» **EXERCISE REQUIREMENTS**: Reprint all of the data below exactly as shown and skip every image.

» **PROVIDED DATA**:
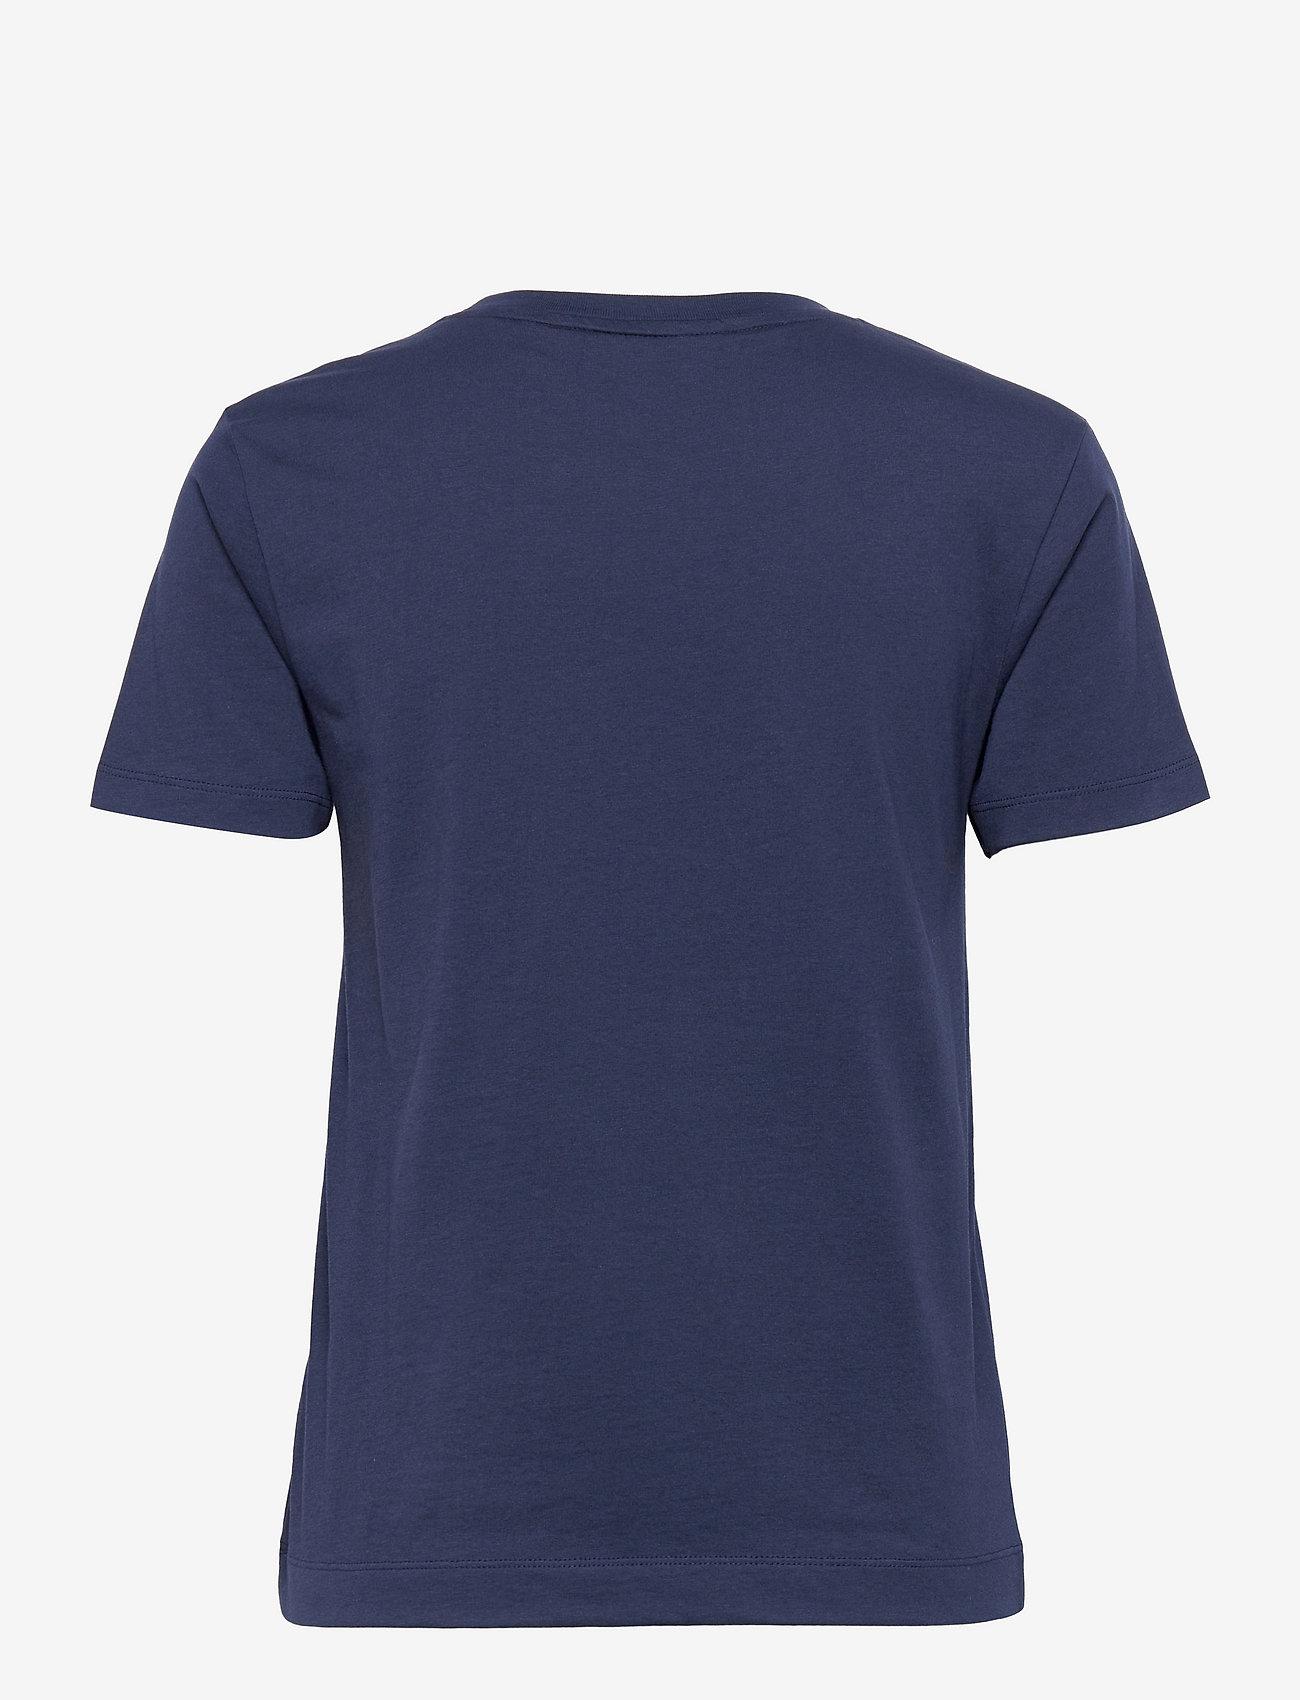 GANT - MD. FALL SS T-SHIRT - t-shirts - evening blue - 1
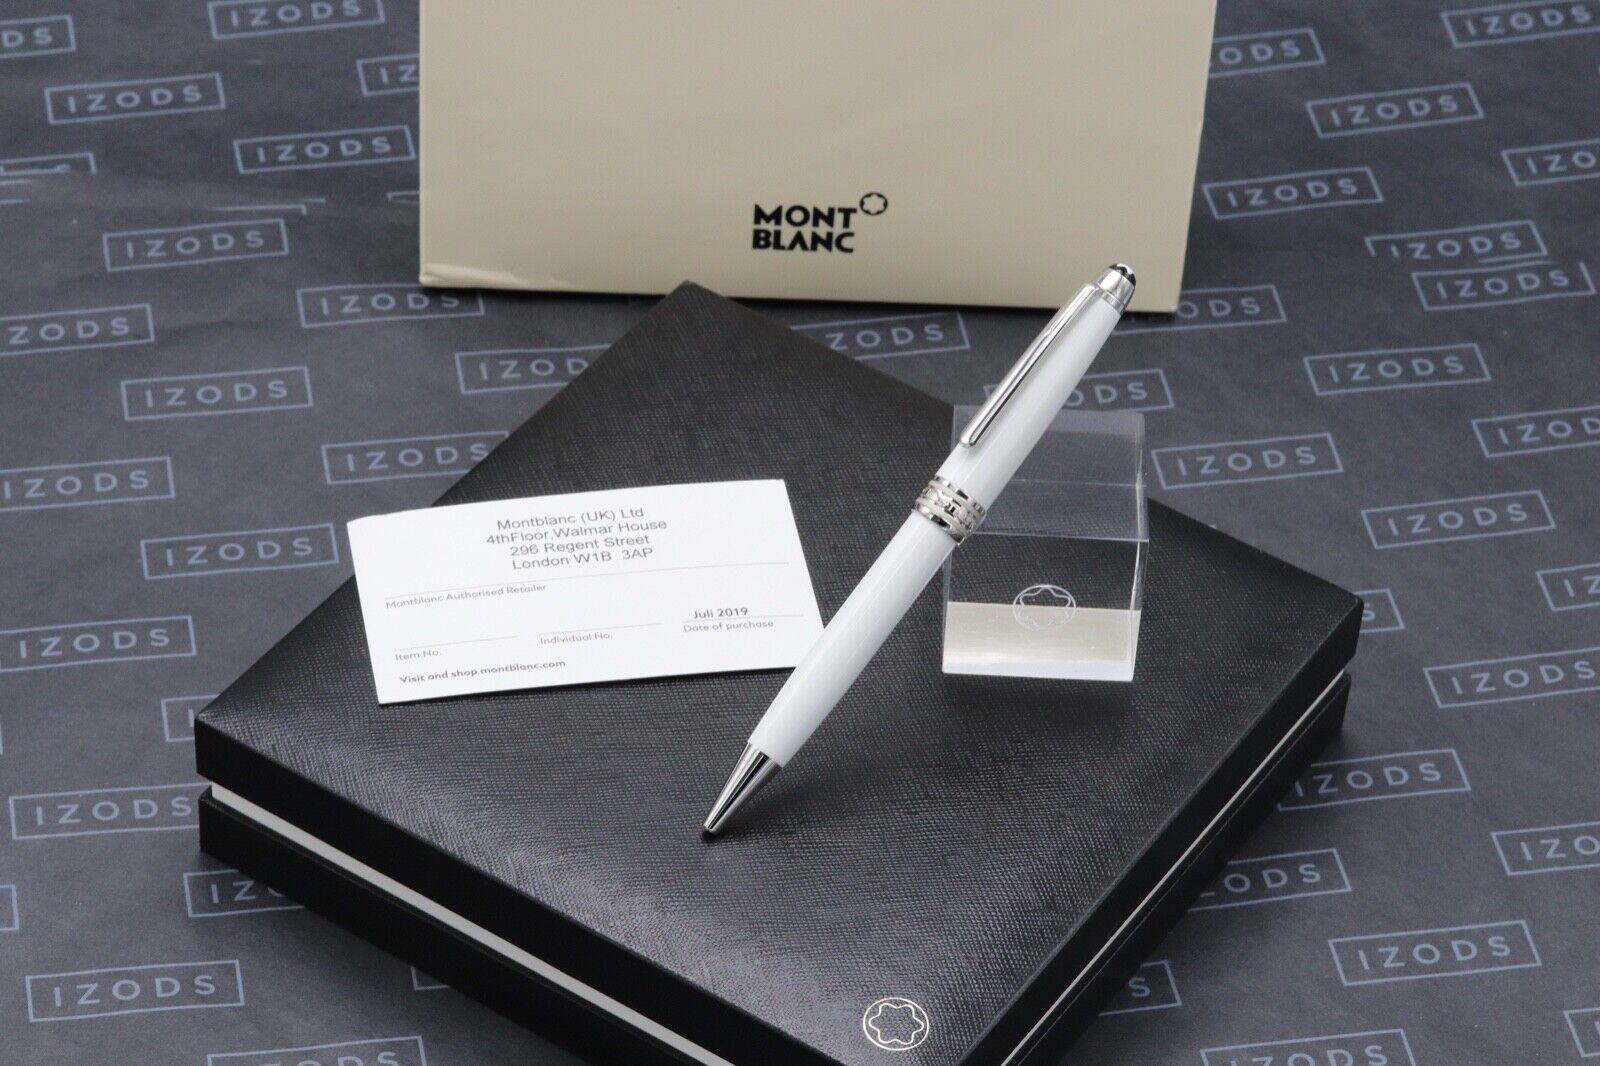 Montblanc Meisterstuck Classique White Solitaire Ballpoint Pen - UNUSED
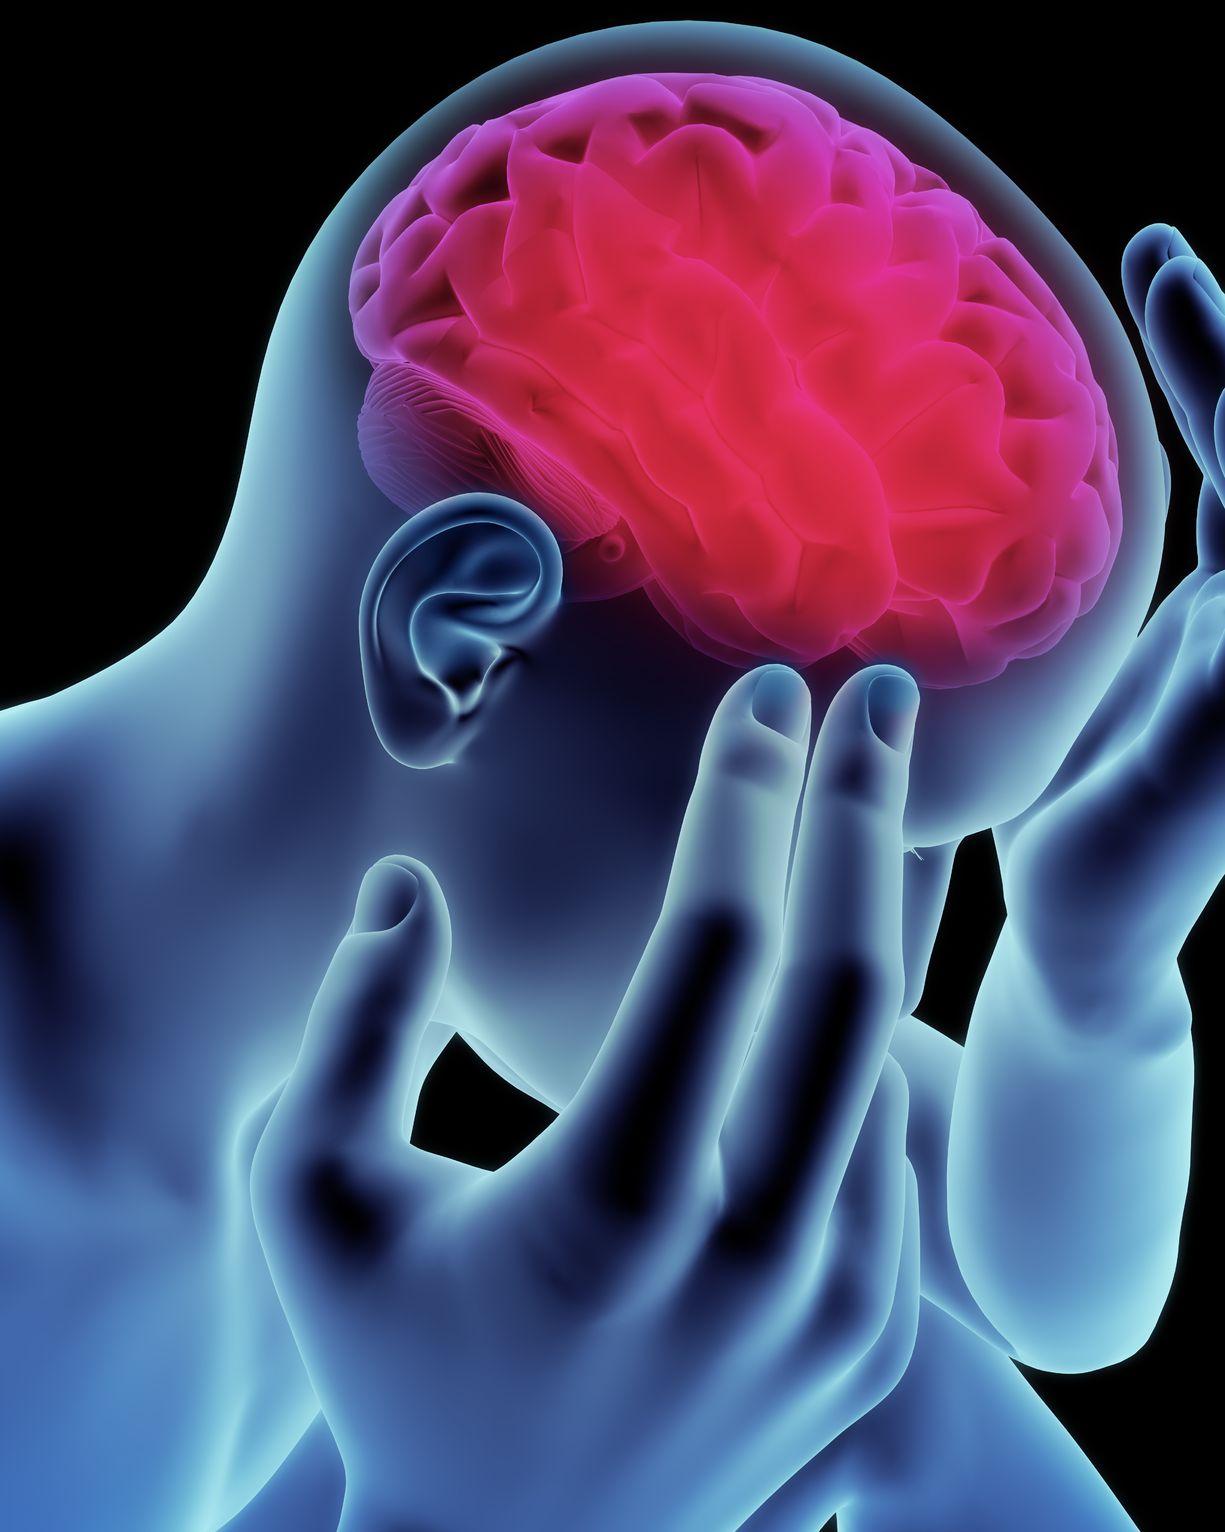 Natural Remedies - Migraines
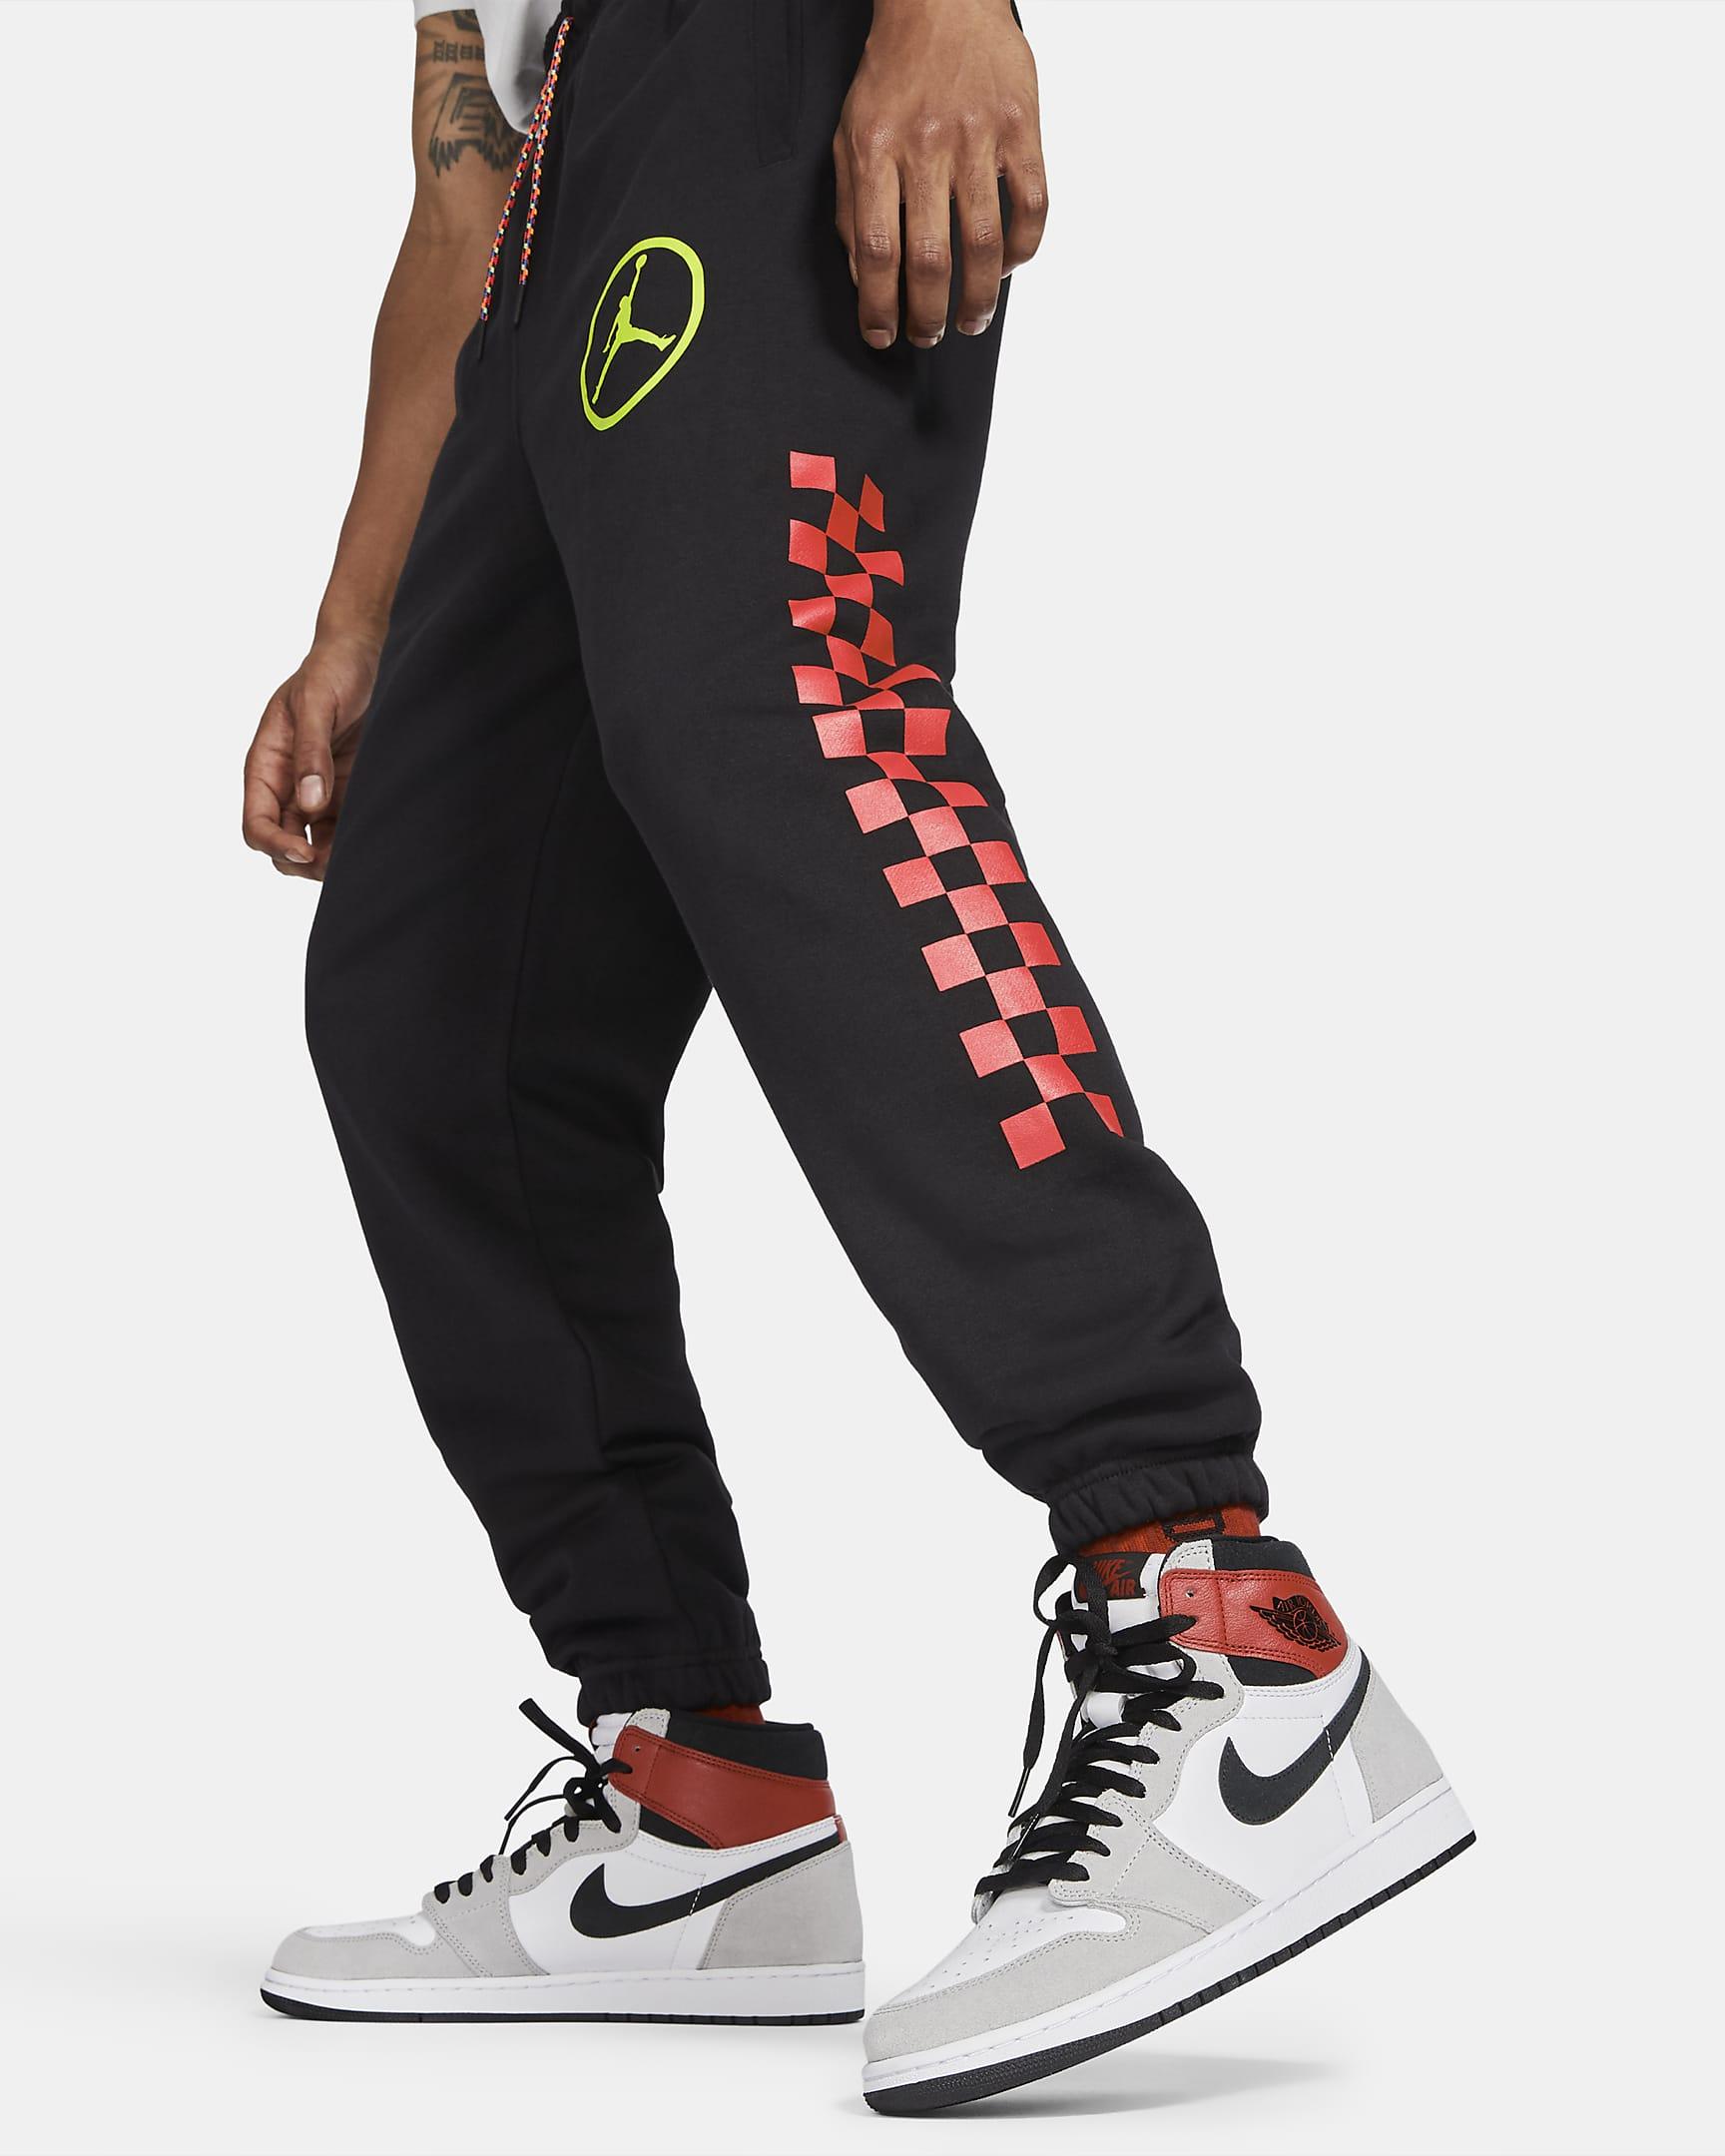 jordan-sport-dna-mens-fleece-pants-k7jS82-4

» **OUTPUT OF THE TASK**:
 GANT - MD. FALL SS T-SHIRT - t-shirts - evening blue - 1
 Montblanc Meisterstuck Classique White Solitaire Ballpoint Pen - UNUSED
 Natural Remedies - Migraines
 jordan-sport-dna-mens-fleece-pants-k7jS82-4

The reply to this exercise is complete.